YOUR ASSIGNMENT » Pictures stay out of the copy; output exactly the lines from the one containing "Researchers at the" through the end of the material.

DATA EXCERPT »
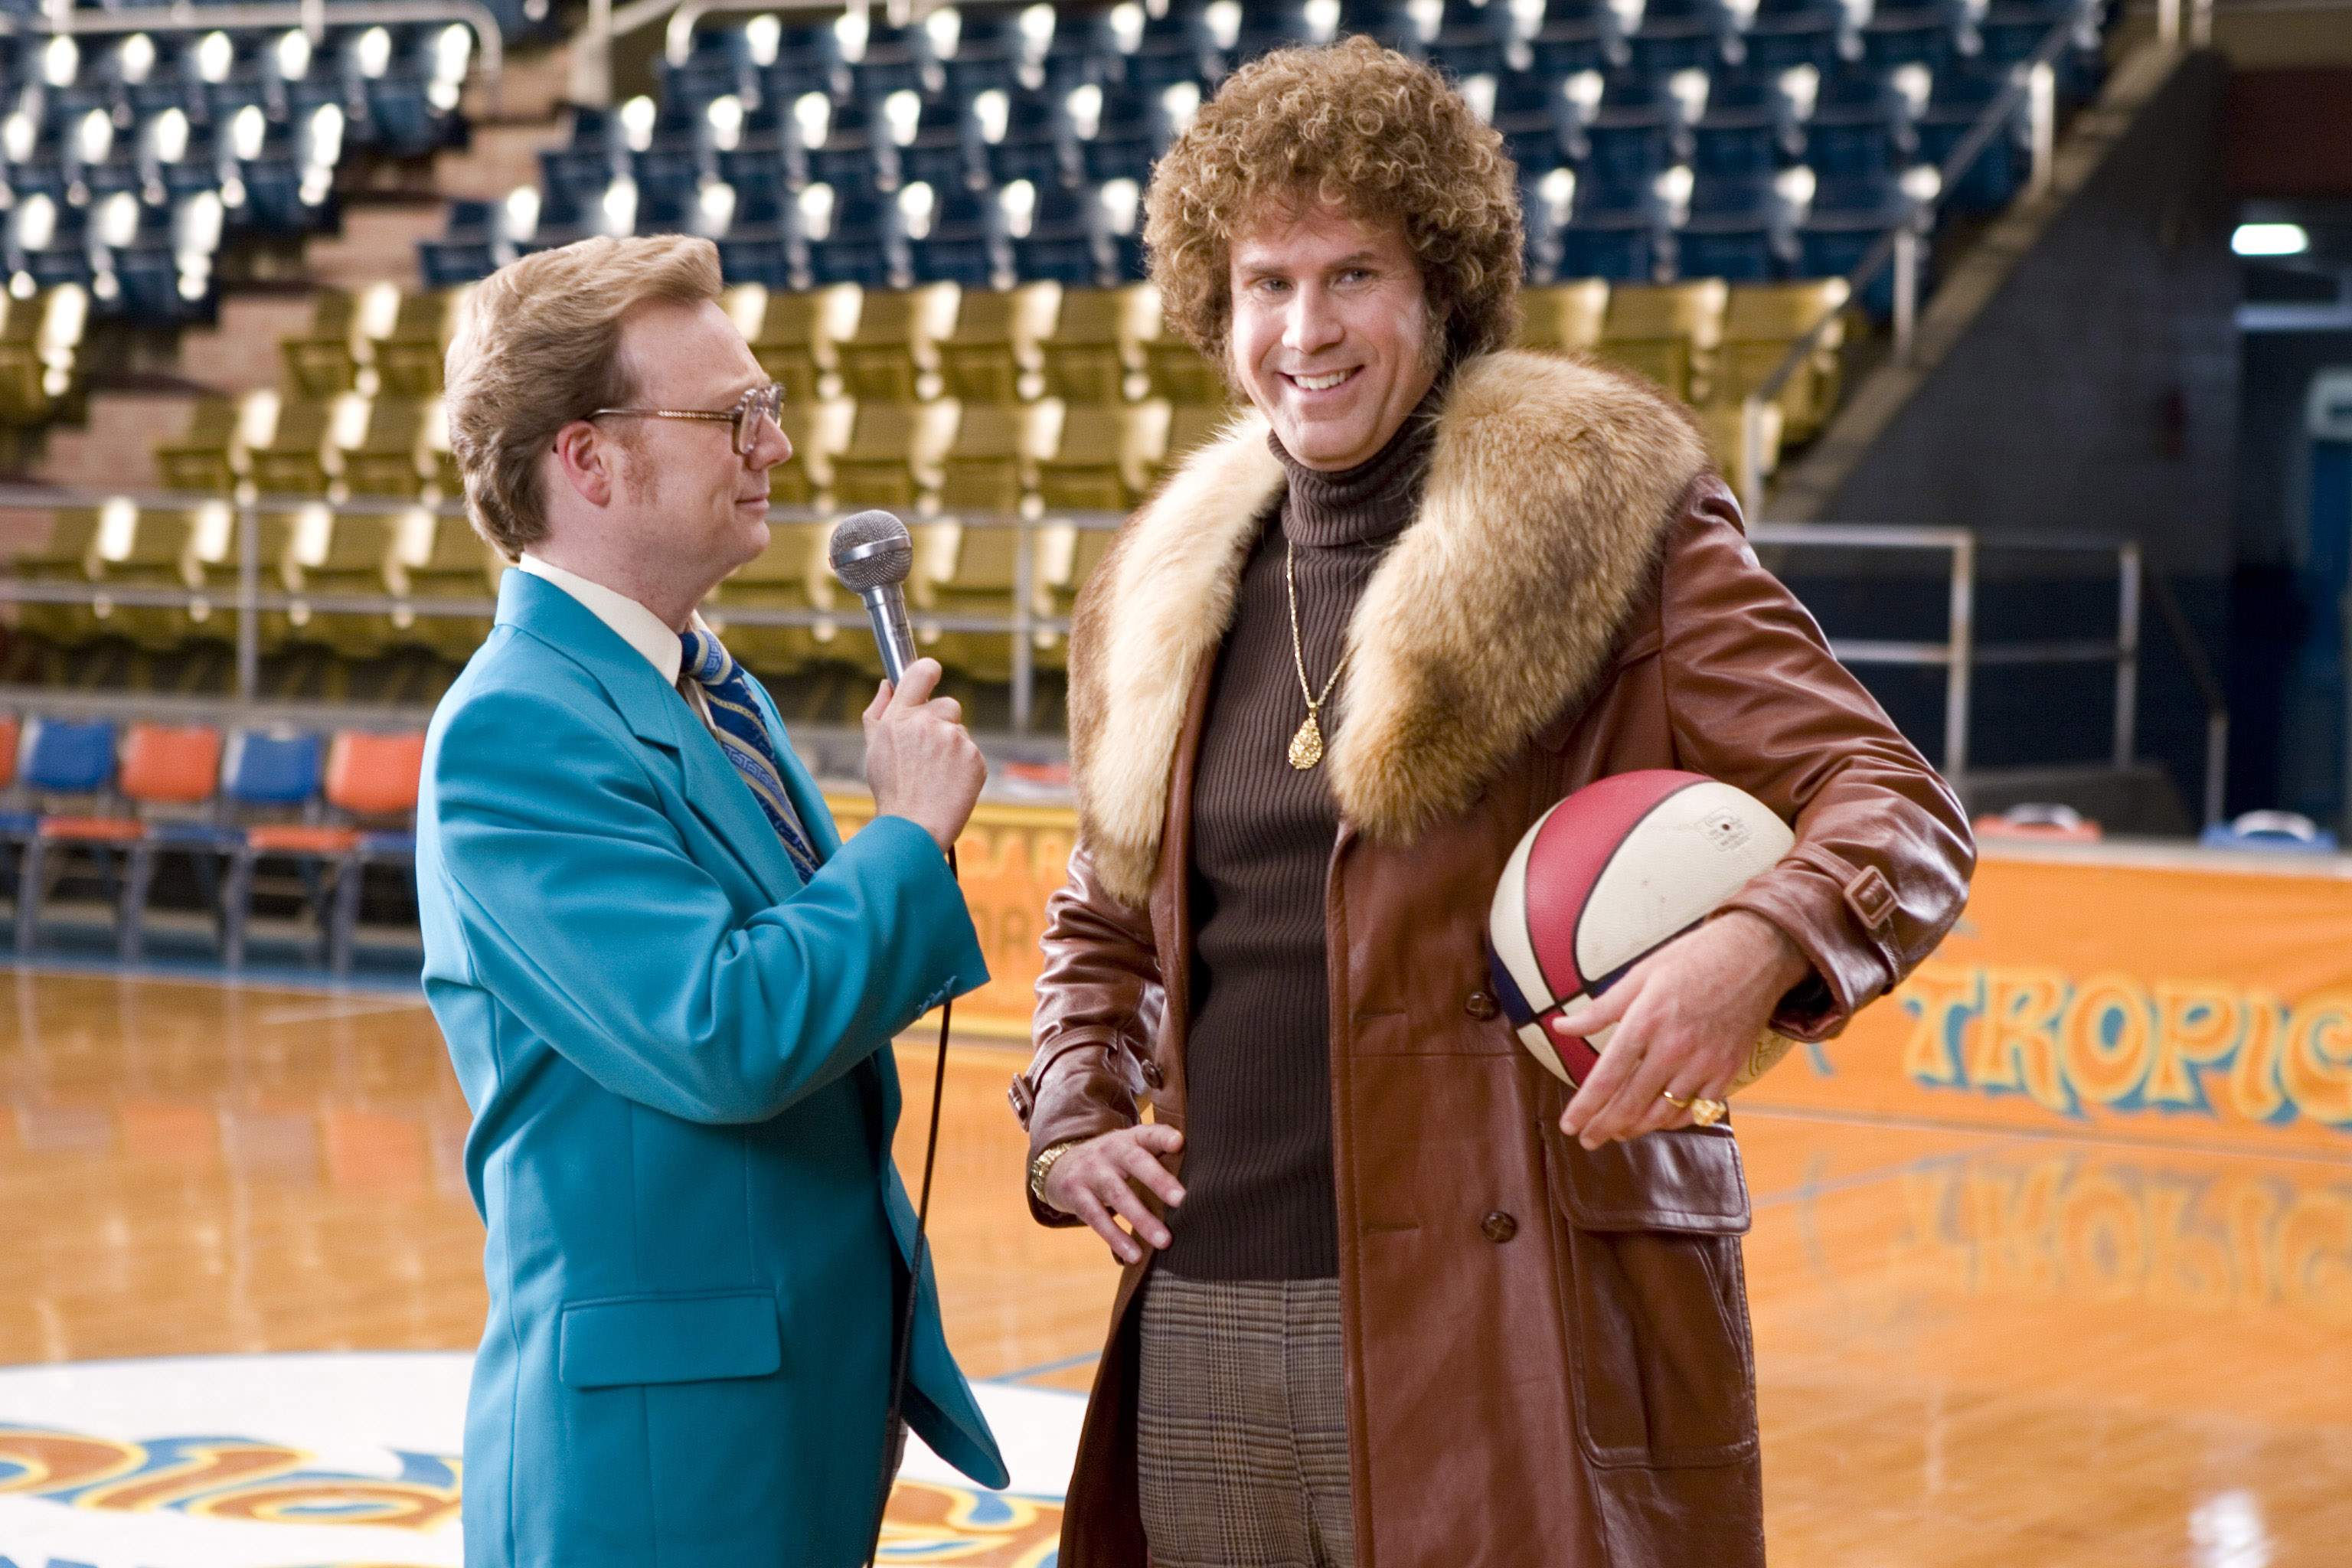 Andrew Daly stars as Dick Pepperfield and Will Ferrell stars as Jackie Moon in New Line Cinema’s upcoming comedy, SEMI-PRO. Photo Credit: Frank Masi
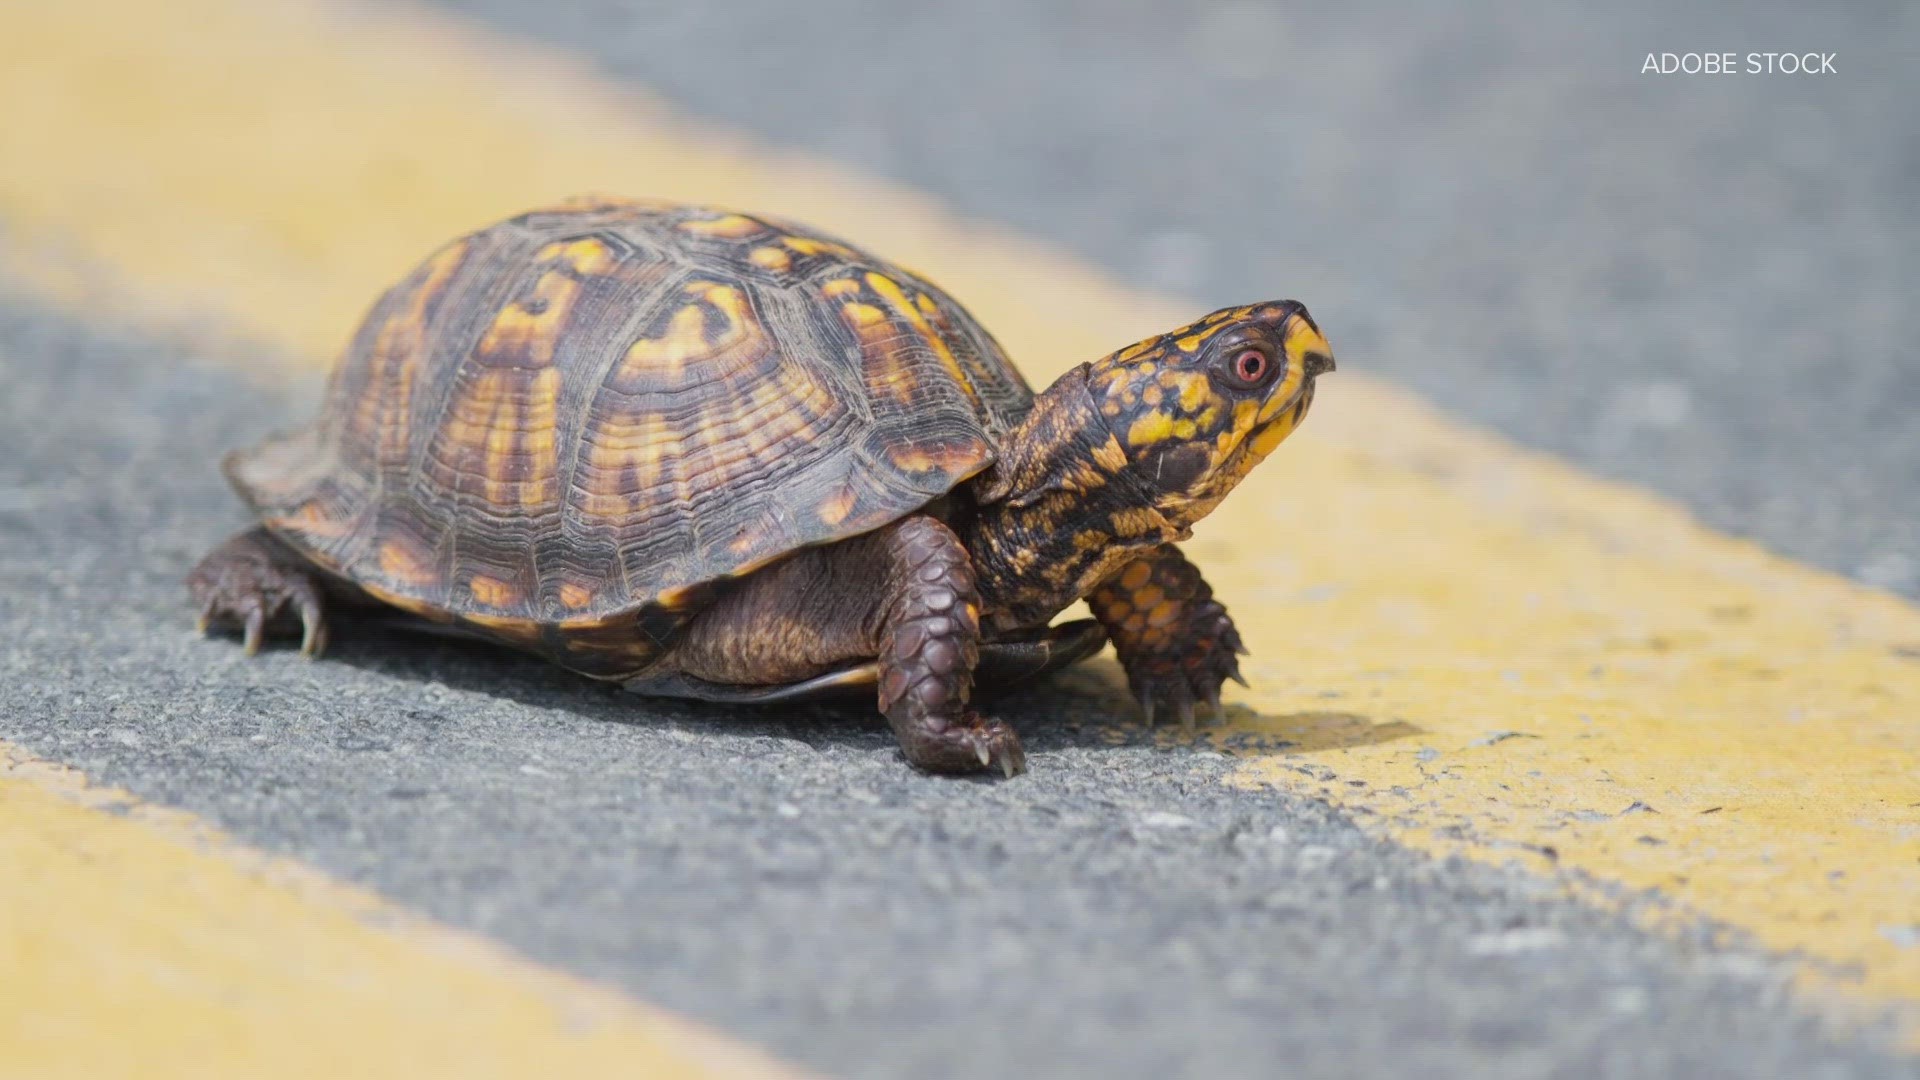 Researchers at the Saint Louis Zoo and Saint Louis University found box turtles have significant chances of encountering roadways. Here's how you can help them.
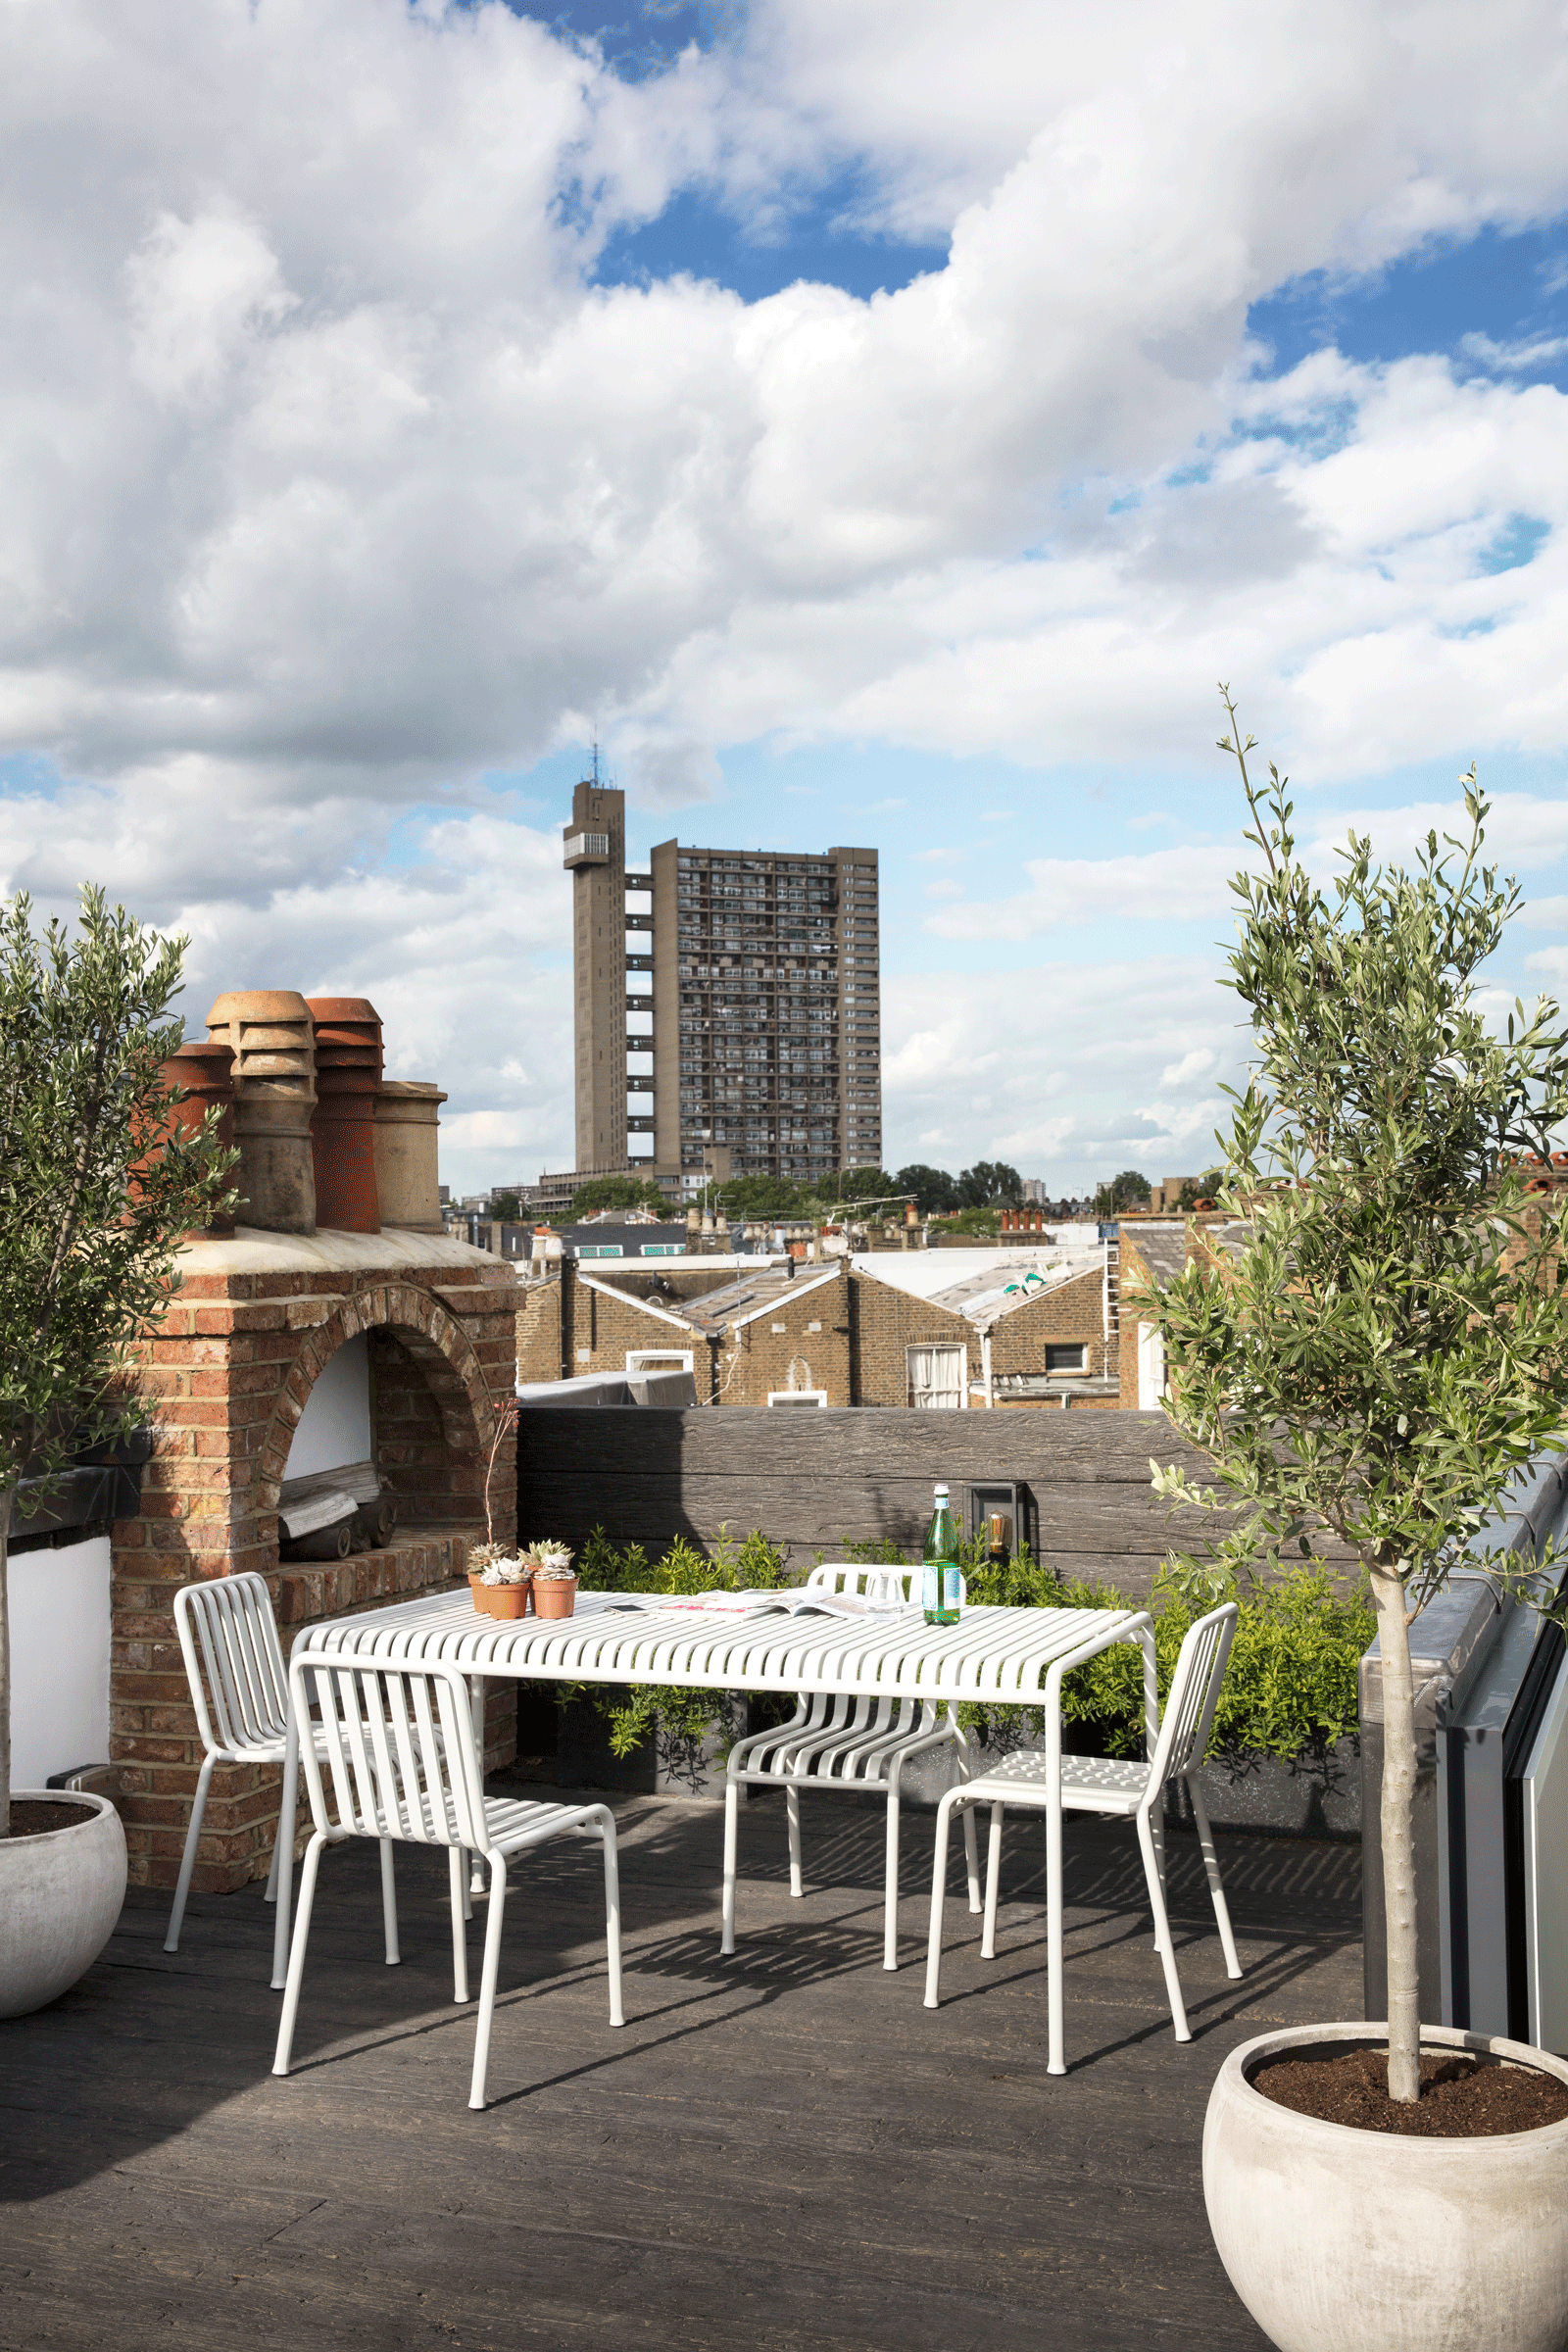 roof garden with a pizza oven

YOUR SOLUTION »
 Researchers at the Saint Louis Zoo and Saint Louis University found box turtles have significant chances of encountering roadways. Here's how you can help them.
 roof garden with a pizza oven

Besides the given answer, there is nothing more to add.